I mean, that’s just totally expected and natural. The car got massively more capable, which means it can handle far more situations, and thus there are more situations where it can screw up. Increased disengagements are no surprise and entirely natural. It’s very impressive what the cars can do right now, even with the disengagements and screw ups.
 
New system also means new bugs. As they iron out low hanging fruit bugs disengagements rapidly decreases.

I really look forward to FSD wide release so that Waymo, Mobileye, legacy industry, bears etc can get their wake up call and realize how wrong they have been on. What Tesla are doing in production today is so far ahead of where competition hopes to be in production in a few years. While doing it in a low cost way, in a car made to last 1M miles, in a car with low cost per mile etc.
 
who cares how the revisions are numbered? I'm sure the change makes sense to the company.
If people are wondering why Elon Musk had to spend any effort at all about something as trivial as version numbering for software that's used by a small beta audience. Most likely it's because he commented about expanding the beta around version 10 or 11: https://twitter.com/elonmusk/status/1342909163903455233

But his intent was counting FSD driving improvements as that is actually what makes progress in getting FSD ready for a wide release. Elon tweeted about a "beta 5" and the community just added 1 to the beta number for every release after that including the holiday update, which had no AP changes. But then someone at Tesla followed along with the numbering and put in "10.1" into the software displayed version trying to indicate there was no major changes, so Elon likely came in to reset things to how he wanted.
Code:
    1: 2020.40.8.10
    2: 2020.40.8.11
    3: 2020.40.8.12
  3.1: 2020.40.8.13 (non-AP bug fix)
    4: 2020.44.10.2
    5: 2020.44.15.3 ("beta 5")
    6: 2020.44.15.4
    7: 2020.48.10.1
    8: 2020.48.12.15
    9: 2020.48.26.1 (holiday update)
   10: 2020.48.35.1
 10.1: 2020.48.35.6 (restore expanded view)
  8.1: 2020.48.35.7 (renumber versioning)
 
Welp, I guess this means the competition is deader than dead.

Deader than dead by using mapped intersection, mapped lanes, mapped direction of travel, mapped traffic lights and stop signs and traffic light lane relevancy, stop lines, and more. Near 100% hand written conventional c++ driving policy and more importantly, mapped drive-able path.

You people claim that Waymo and others are like trains because they follow a path that is laid out like a train.
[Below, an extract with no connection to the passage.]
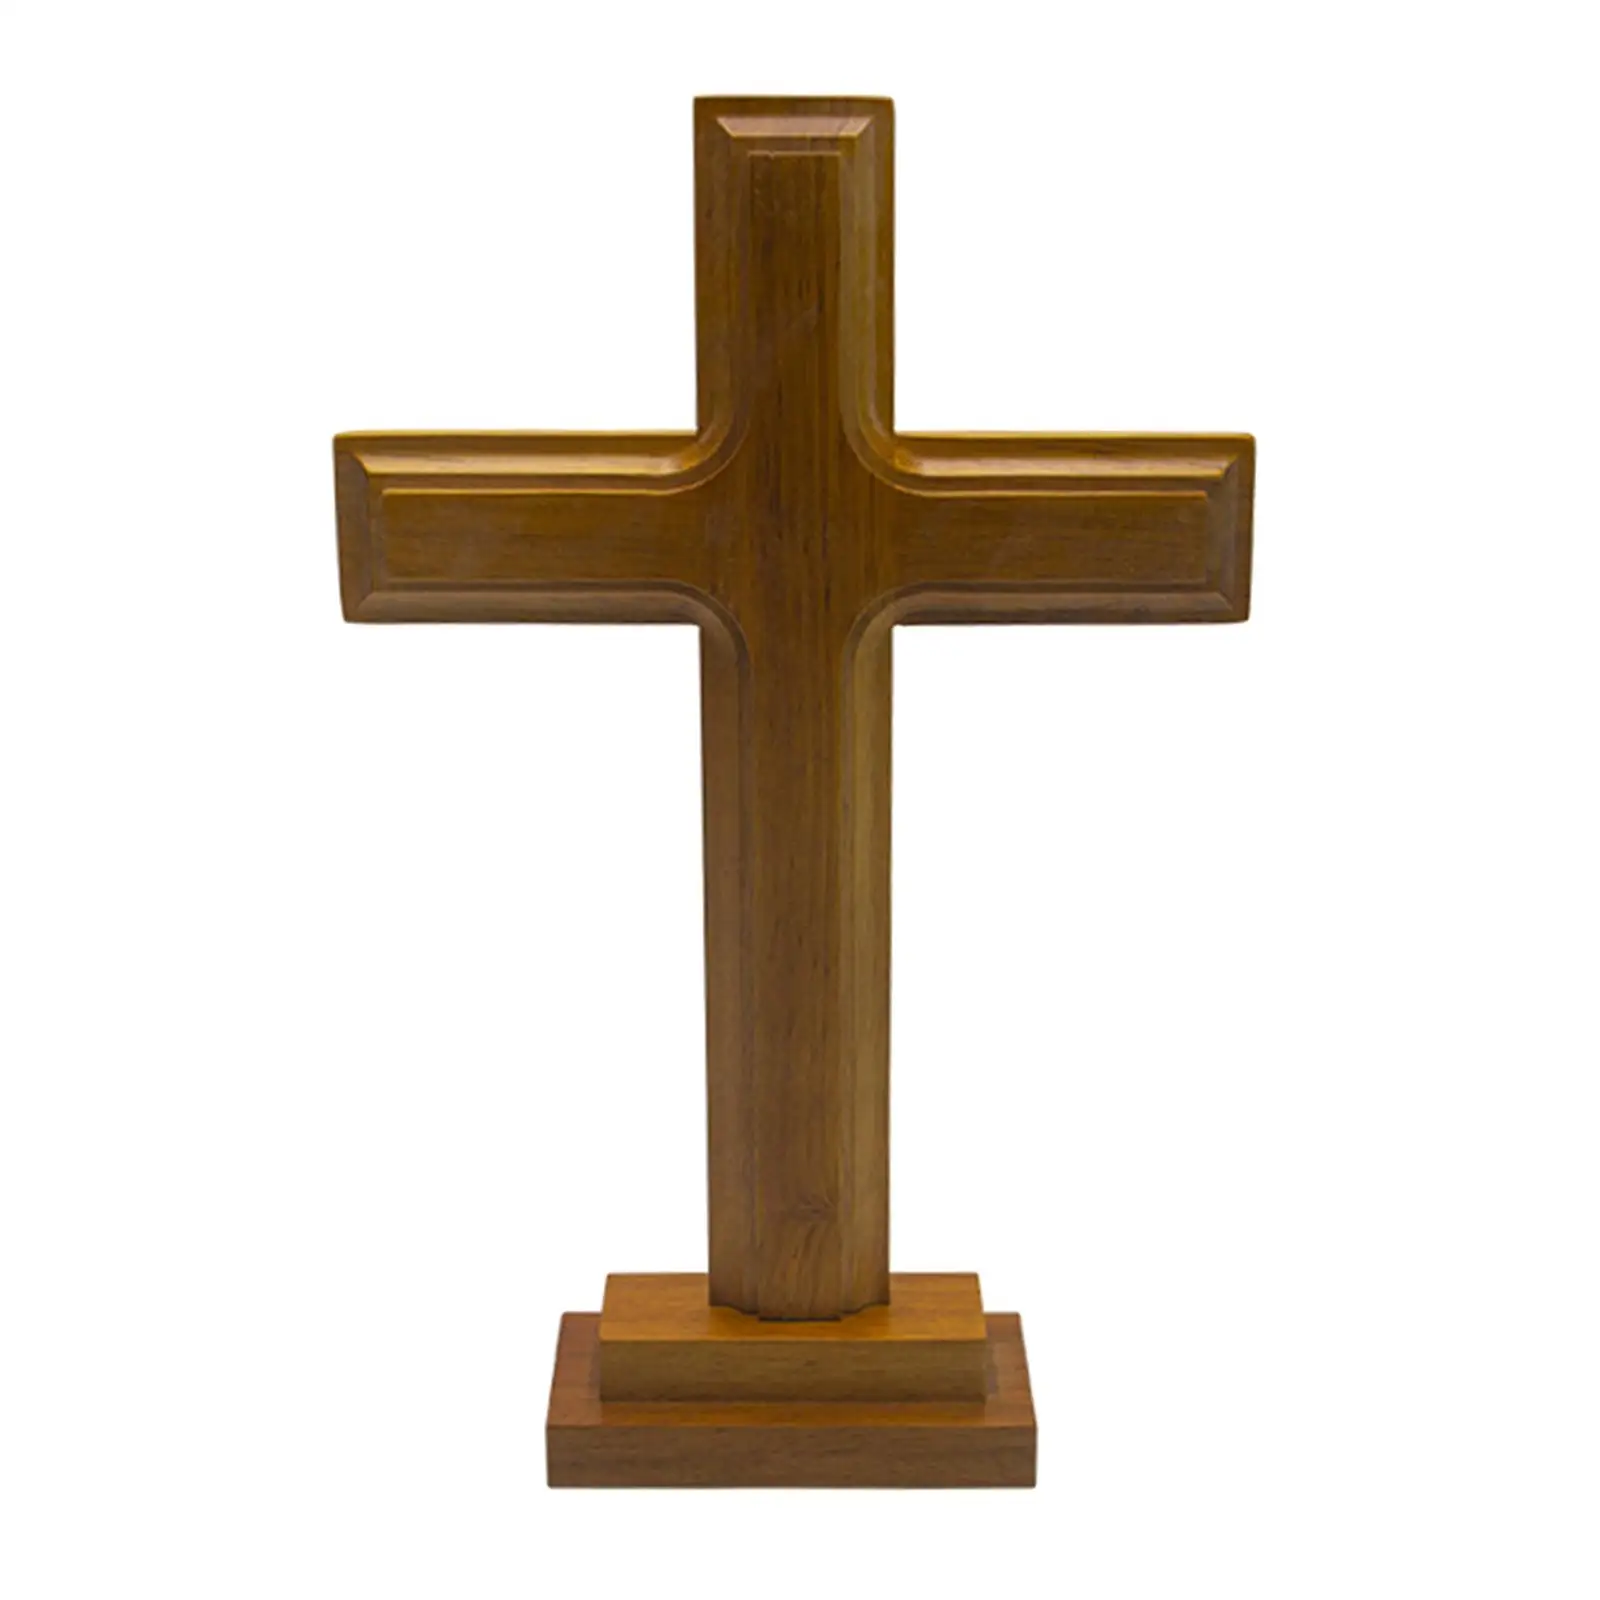 Wood Standing TableSided Display Crucifix Home Altar Shrine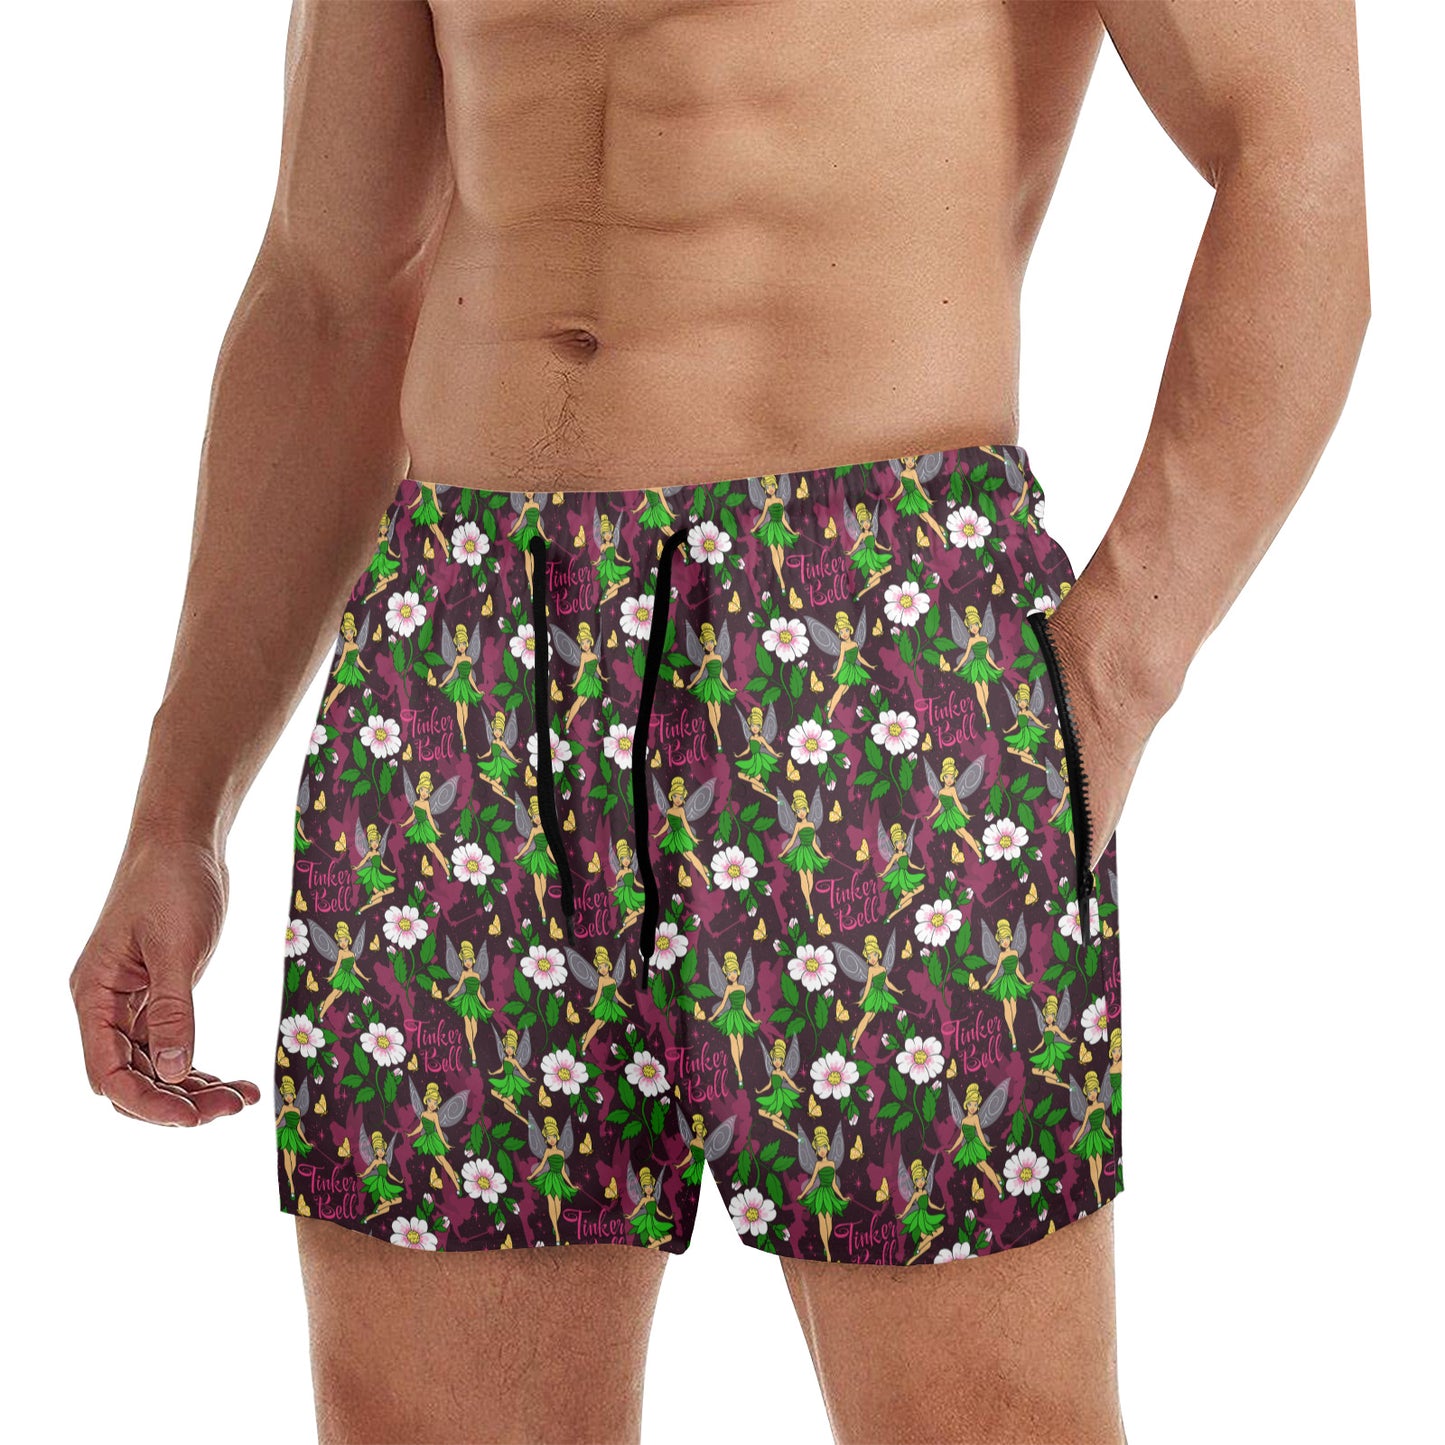 Tinker Bell Men's Quick Dry Athletic Shorts

That's literally what Tesla does. They use crowdsourced drive-able path, just another thing they copied from Mobileye. They have the path of every lane in an intersection. This is why the system struggles [even in simple situations] the minute they get to a location where not alot of Teslas have been in, hence not fully mapped.

As @verygreen said: "There's no actual intelligence in the system."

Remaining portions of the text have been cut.